If you’re a small business owner, you’ve probably experienced this on one or more occasions: You’ve received a negative review from someone who isn’t your customer.

 So, what do you do now? In most cases, nothing.  Although you may think this sounds hopeless, I can assure you it’s not.  There are a few circumstances when Google will act and remove the review so if any of these situations apply to you, reach out to Google to start the review removal process.

When Google Will Likely Act

I want to clarify that I said “likely” because as most of you know, very few things with Google are absolute and depending on who you speak to you might get a different answer. But from our experiences, these 3 circumstances has resulted in Google removing the review(s):

  1. Extortion
  2. Public Media Attention
  3. Ex-Employee


While extortion for a negative review is rare, it does happen. A business owner we were assisting on the Google Business Profile forum, had a “reviewer” demand $600 for them to remove the negative review. When the business owner refused, the price went up to $1000 and they edited the review to make it worse. 

When dealing with extortion, you need to show Google proof that you’re being extorted. Screenshot all texts, emails, etc. so you can send them to Google to prove that the review is fake.

Public Media Attention

If your business is being attacked publicly and you can find proof, send it to Google. A few years ago an American dentist made headlines when he shot and killed a lion while on safari in Africa. We use this example a lot because shortly after this his Google My Business (GMB) listing was bombarded with negative reviews from people all over the country. Google removed these reviews since it’s clear that they have nothing to do with the business. 






While the first example was extreme, this also happens on a smaller scale.  One business owner had his Google Business reviews turned off for a short while after he commented on one of his employees FaceBook posts. Another example an unhappy customer of this business sent out a Tweet asking people to spam a business with negative reviews. Just like with extortion, you need to be able to show Google proof so if you find something like this online, take screenshots!  Just linking to the Tweet might backfire on you if the user decides to delete the Tweet.


If a disgruntled ex-employee posts a negative review, you can report it using the following as proof:

  • They say they worked there in the review
  • Public source showing they worked there

Again, make sure to take screenshots and send those to Google. 

When Google Won’t Act 



The one scenario where Google won’t act is when a user leaves a rating without a review.

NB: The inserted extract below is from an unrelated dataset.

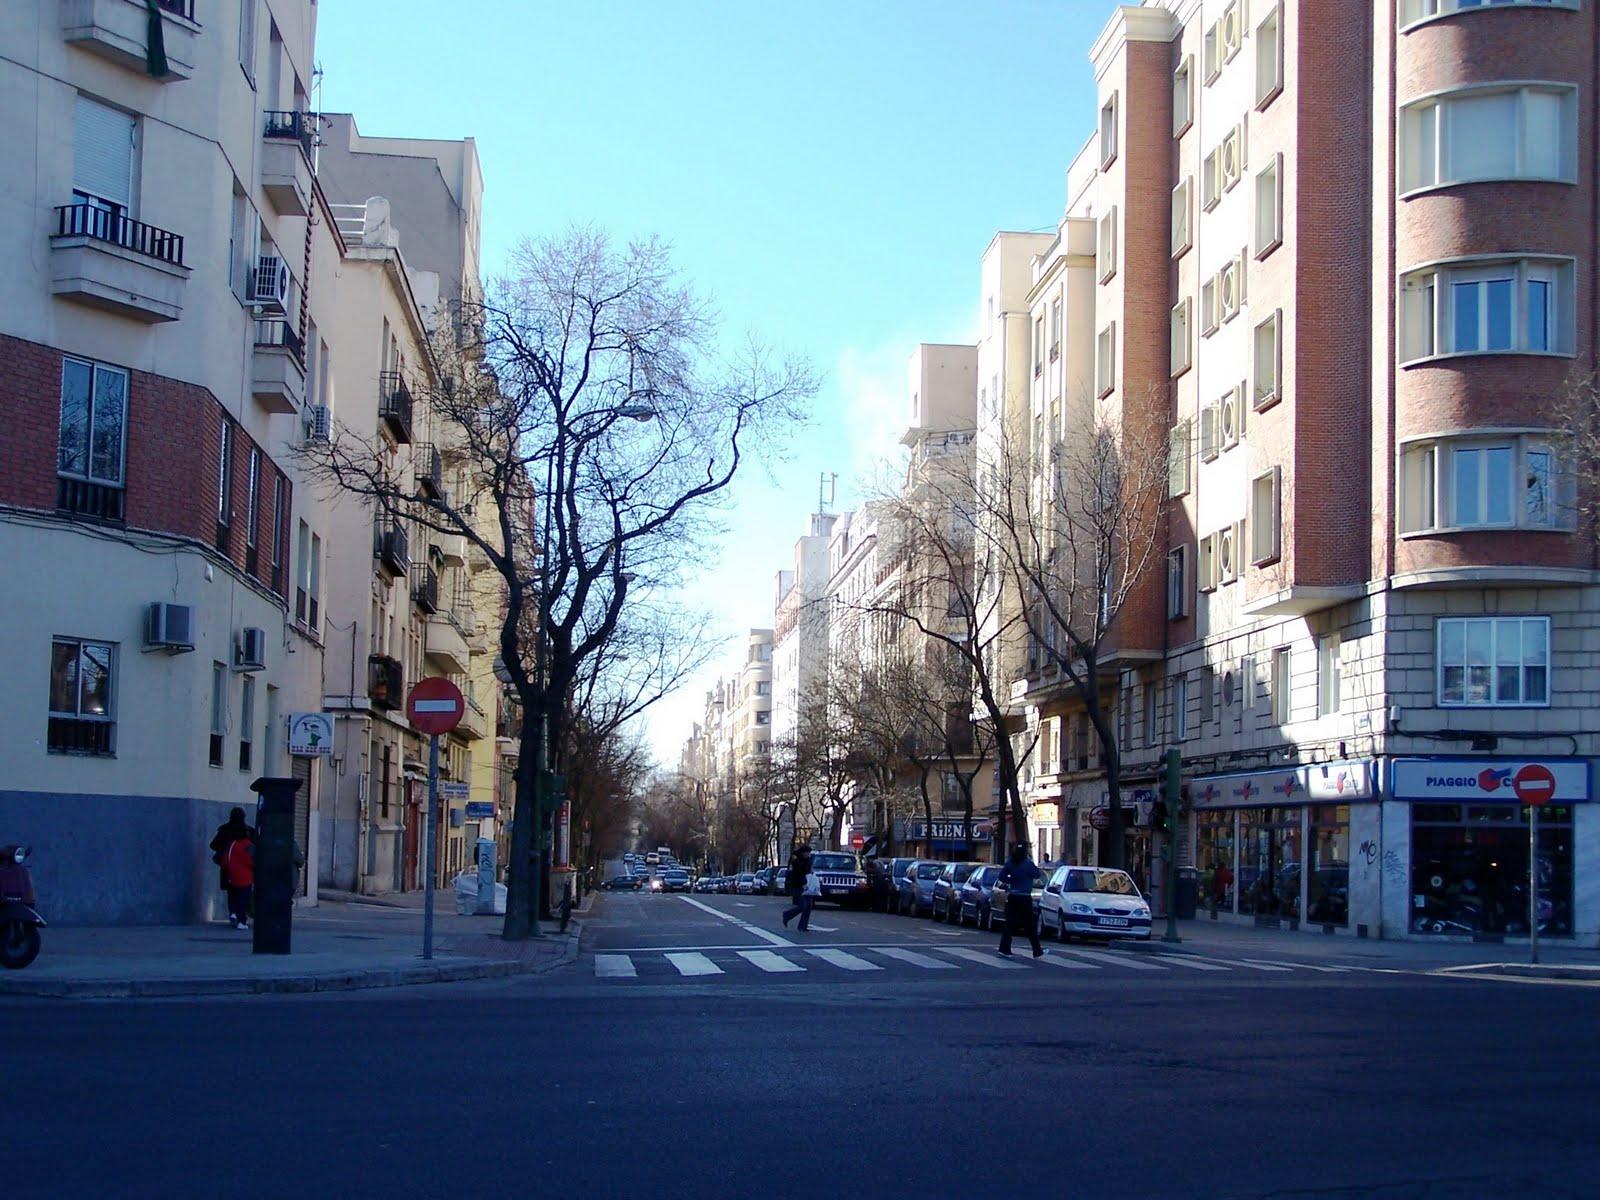 Rizal's Madrid

It doesn’t matter whether their “in your system” or not, Google needs proof and without an actual review, there’s nothing to work with

But don’t stress!


These ratings appear at the bottom of the list in GMB, so your real customers are less likely to see them. And on mobile, ratings with no review text don’t show at all, so no one will see them there.

Negative Reviews Help Your Business

The notion of negative reviews helping your business shouldn’t be taken out of context here.  I’m not encouraging business owners to provide poor service in order to get some bad reviews on their listings.  Instead, what I’m saying is that most consumers are smart enough to understand that it’s impossible for any business to completely satisfy every customer.  A study by Power Reviews found that “A consumer is most likely to purchase a product when its average star rating is between 4.2 and 4.5 stars. Why? Because a perfect 5.0 rating is seen as too good to be true. An average star rating of 4.2-4.5 stars, however, is seen as more transparent and balanced.”

It’s All About Balance

At the end of the day if you’ve received a negative review from someone who isn’t your customer and it doesn’t fall into a “likely to remove” category, don’t stress!  Just keep providing your real clients with the same excellent service and your real positive reviews will help your business maintain a “balanced” review rating.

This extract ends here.